» **Assigned task**:
Each record needs to be retyped exactly, though its pictures should not appear.

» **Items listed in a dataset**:
****

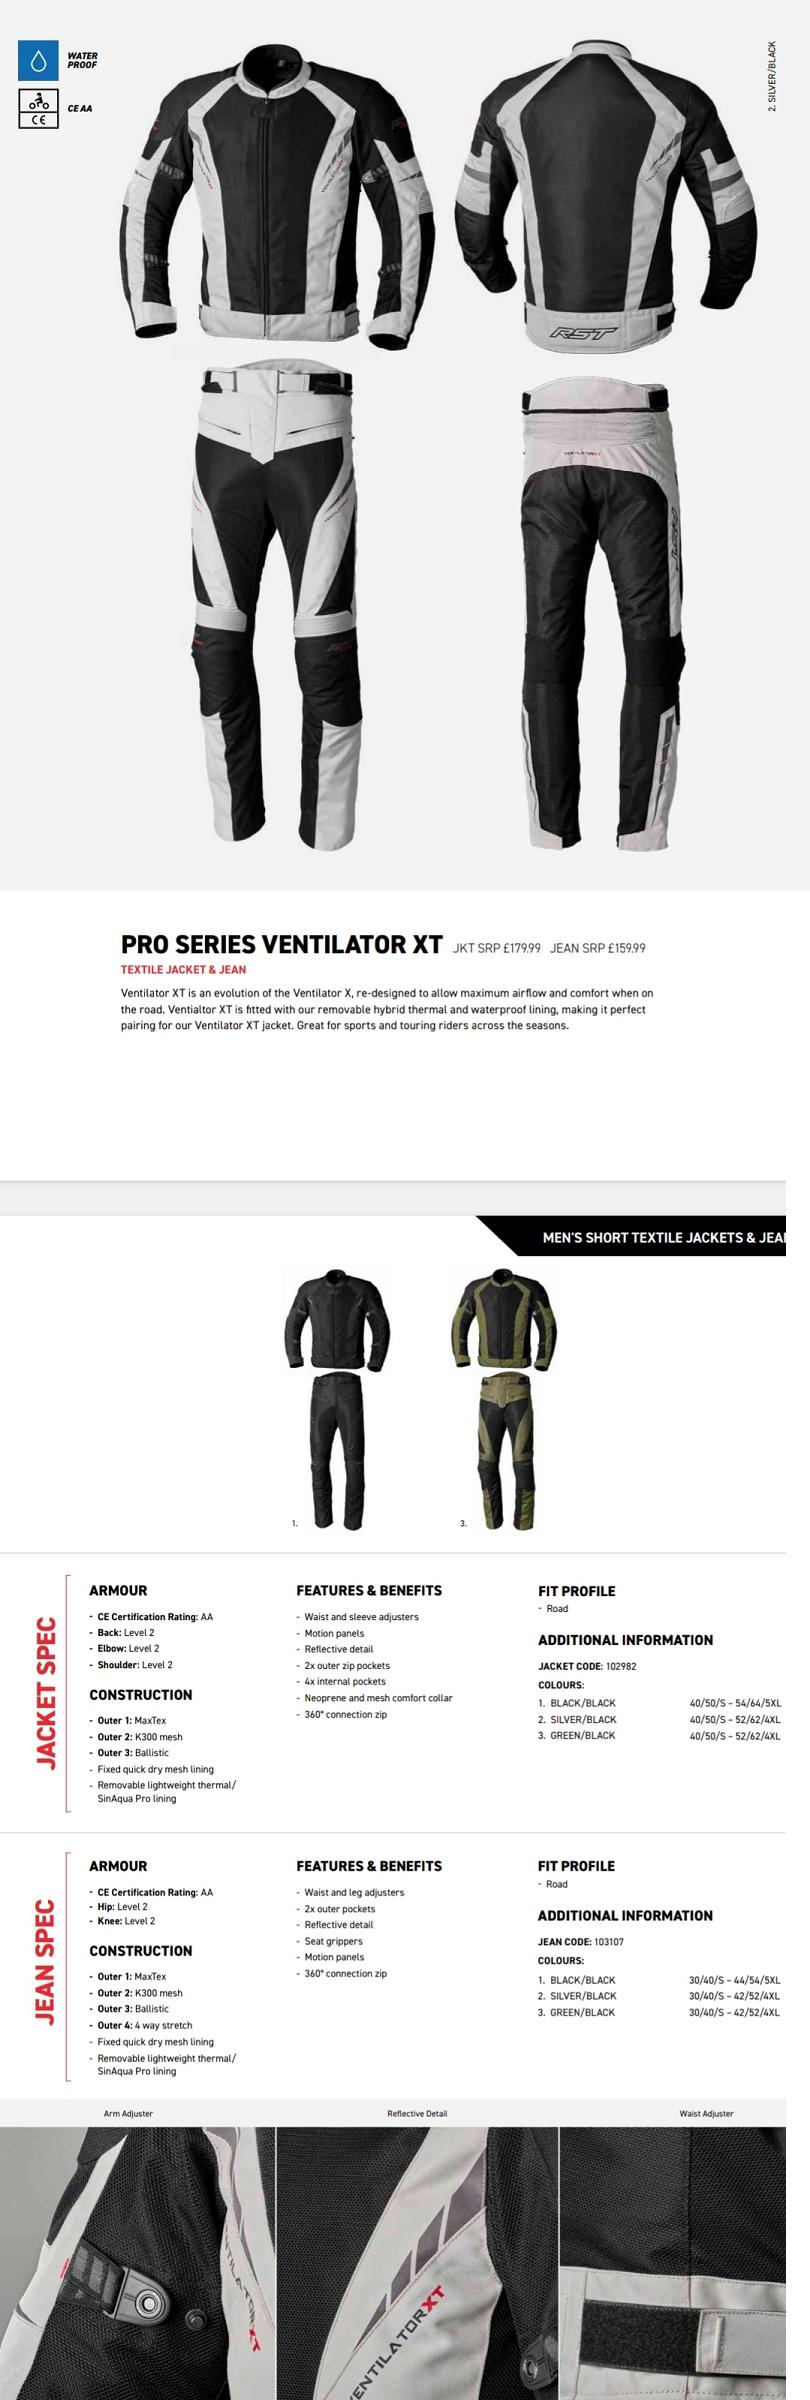 RST Ventilator XT textile jacket and pant
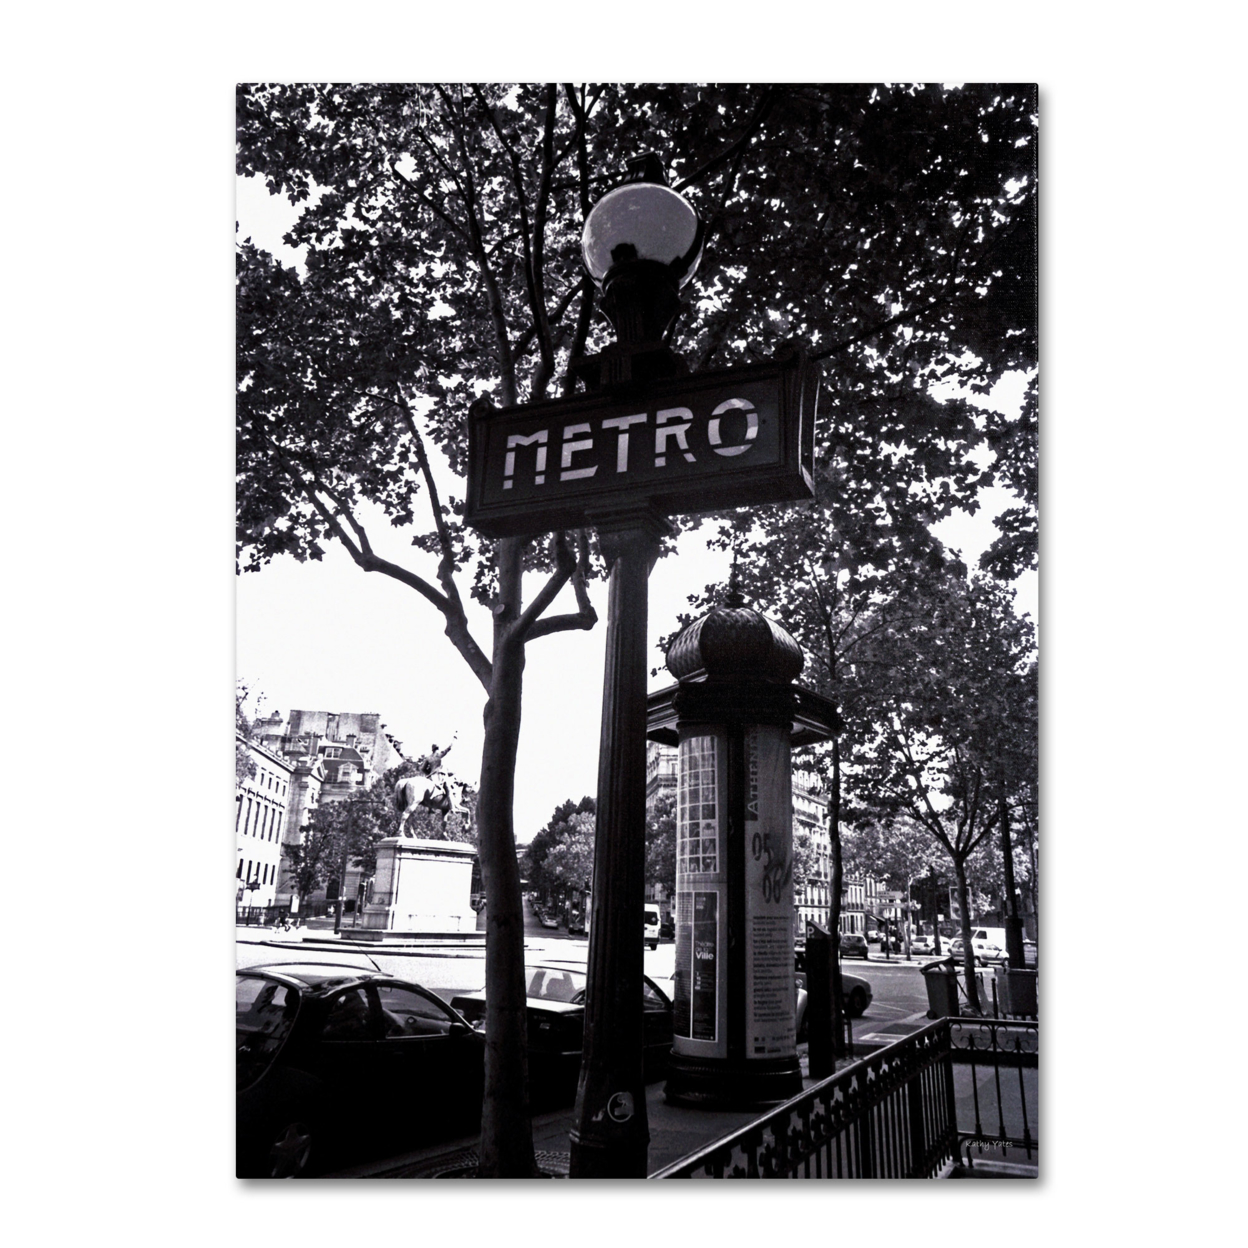 Kathy Yates 'Paris Metro And Kiosk' Canvas Wall Art 35 X 47 Inches
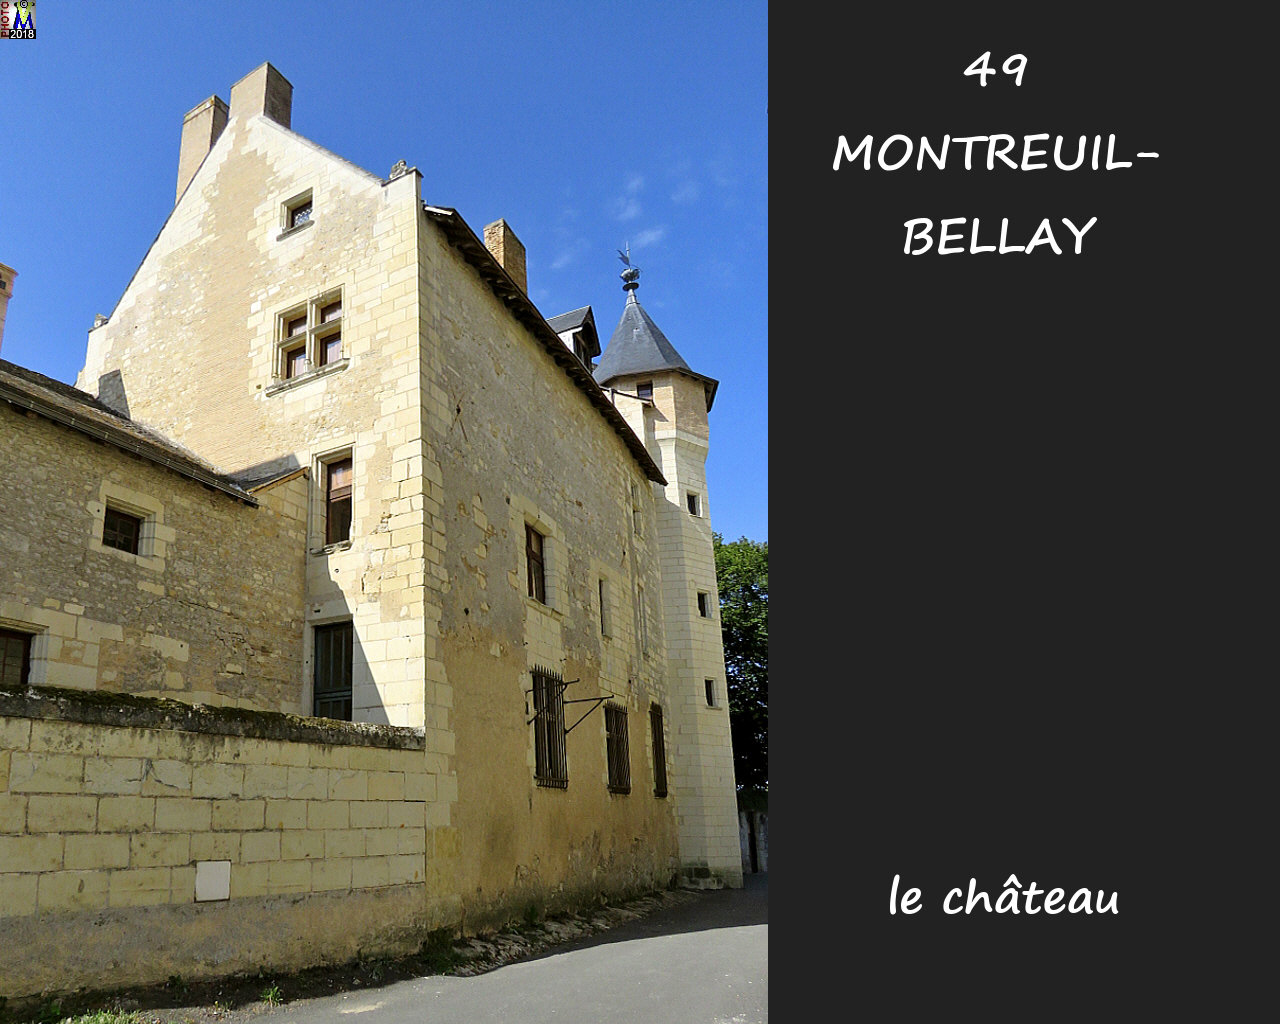 49MONTREUIL-BELLAY_chateau_1032.jpg
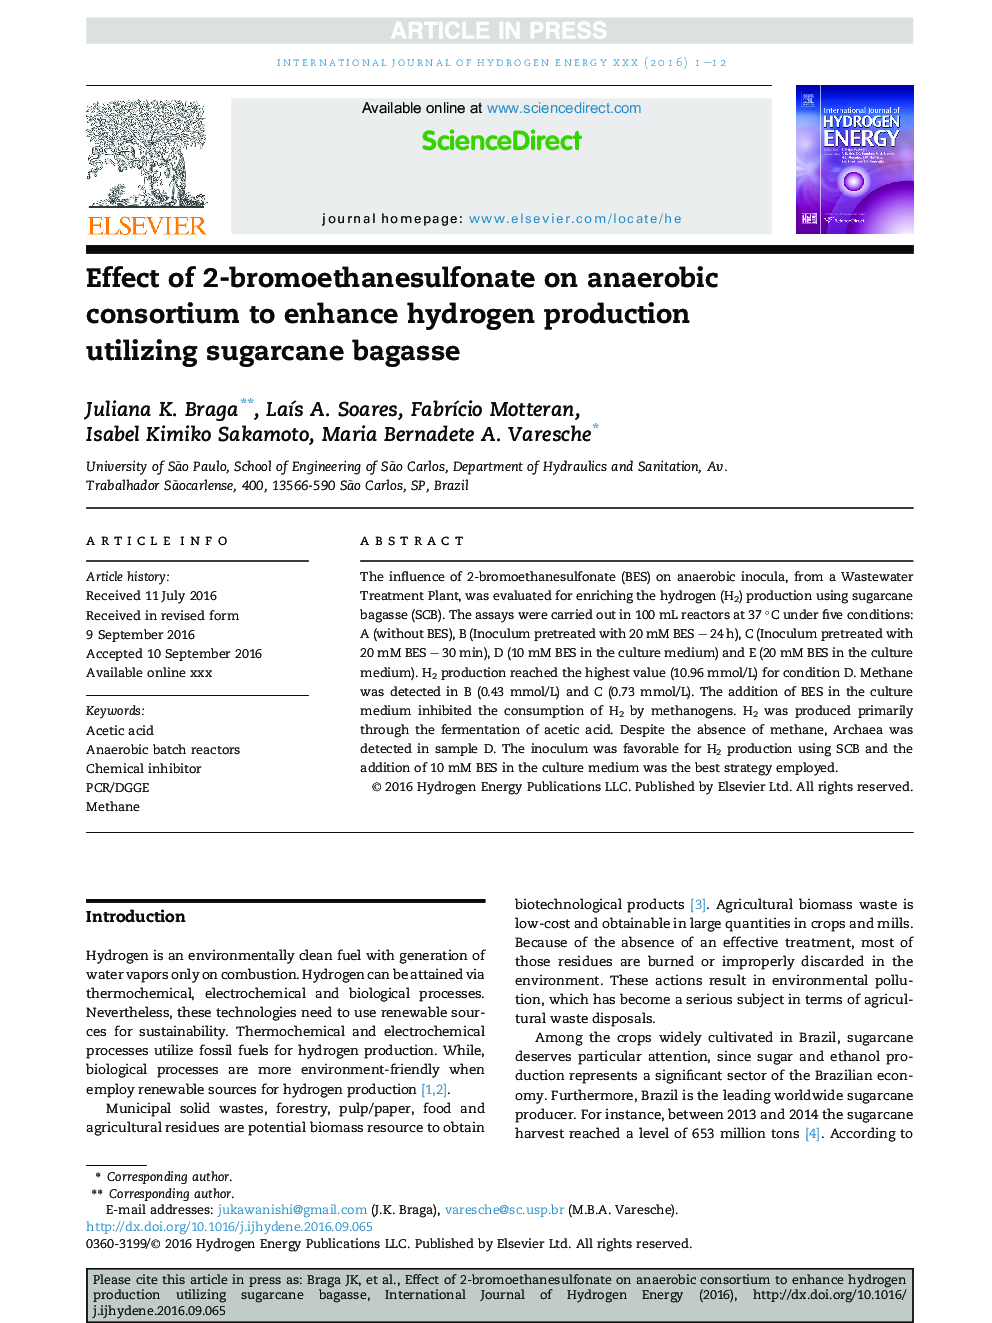 Effect of 2-bromoethanesulfonate on anaerobic consortium to enhance hydrogen production utilizing sugarcane bagasse
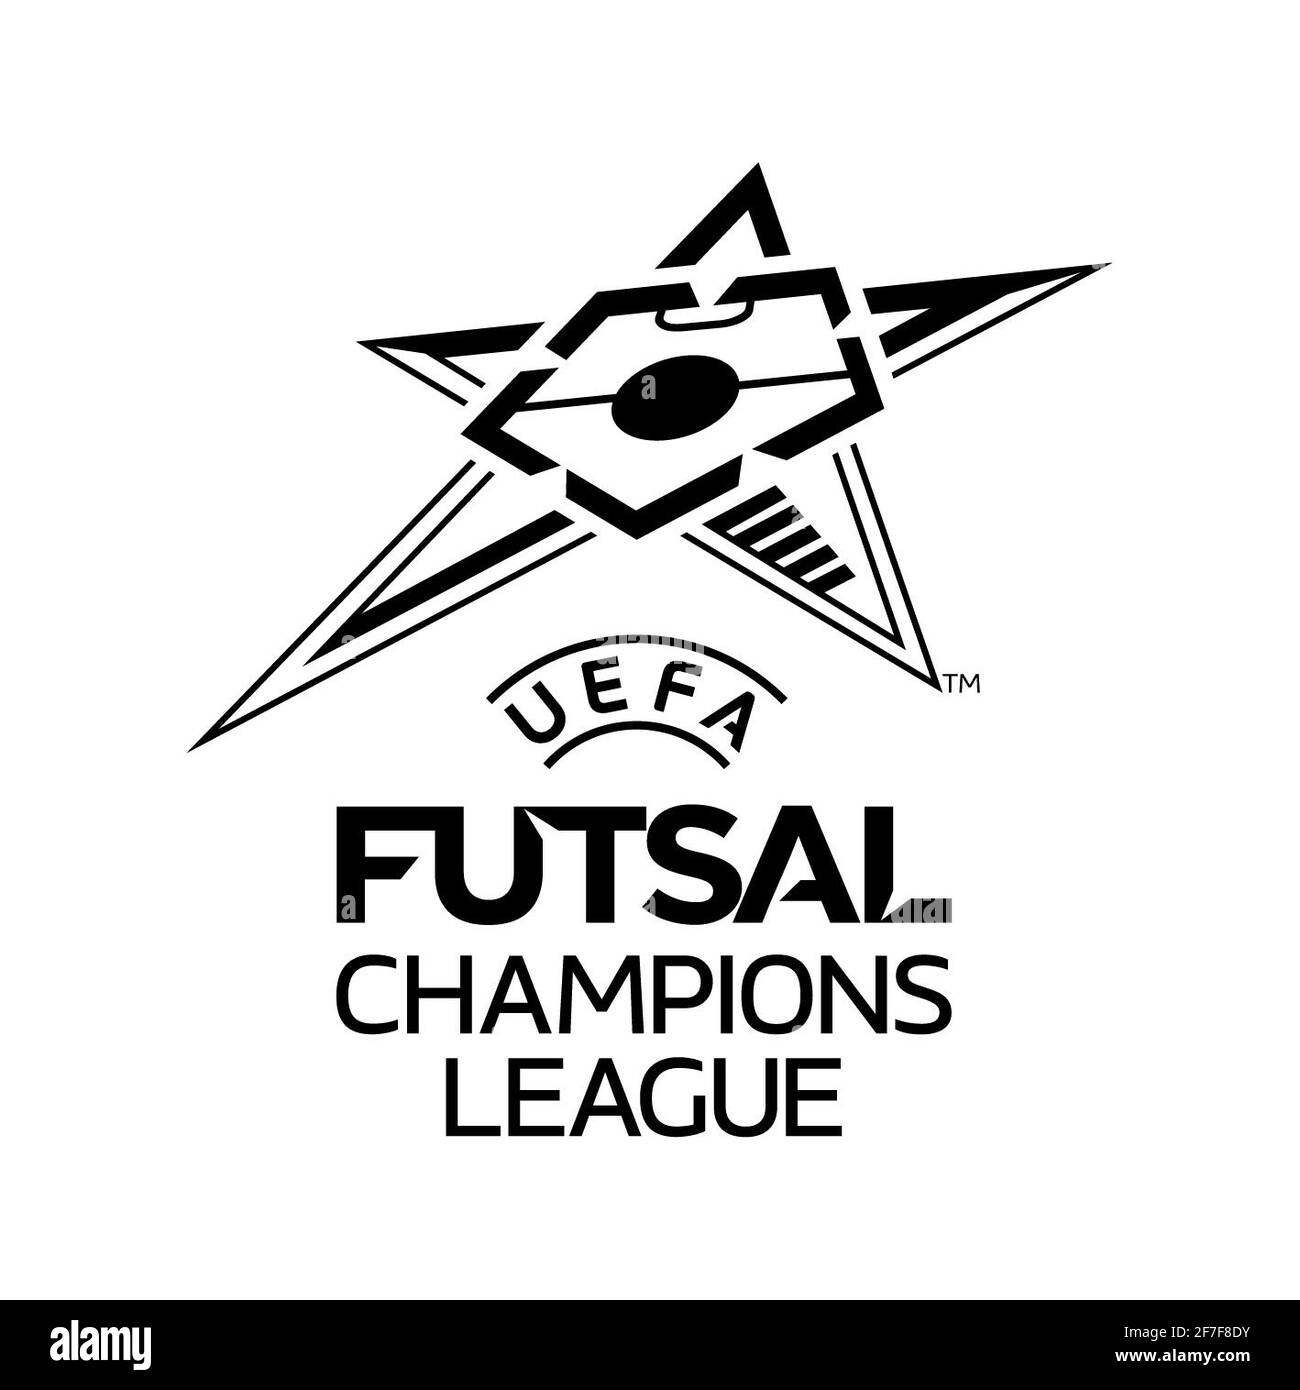 UEFA Futsal Champions League Logo Stock Photo

****

» **Your solution**:
 RST Ventilator XT textile jacket and pant
 Kathy Yates 'Paris Metro And Kiosk' Canvas Wall Art 35 X 47 Inches
 49MONTREUIL-BELLAY_chateau_1032.jpg
 Effect of 2-bromoethanesulfonate on anaerobic consortium to enhance hydrogen production utilizing sugarcane bagasse
 UEFA Futsal Champions League Logo Stock Photo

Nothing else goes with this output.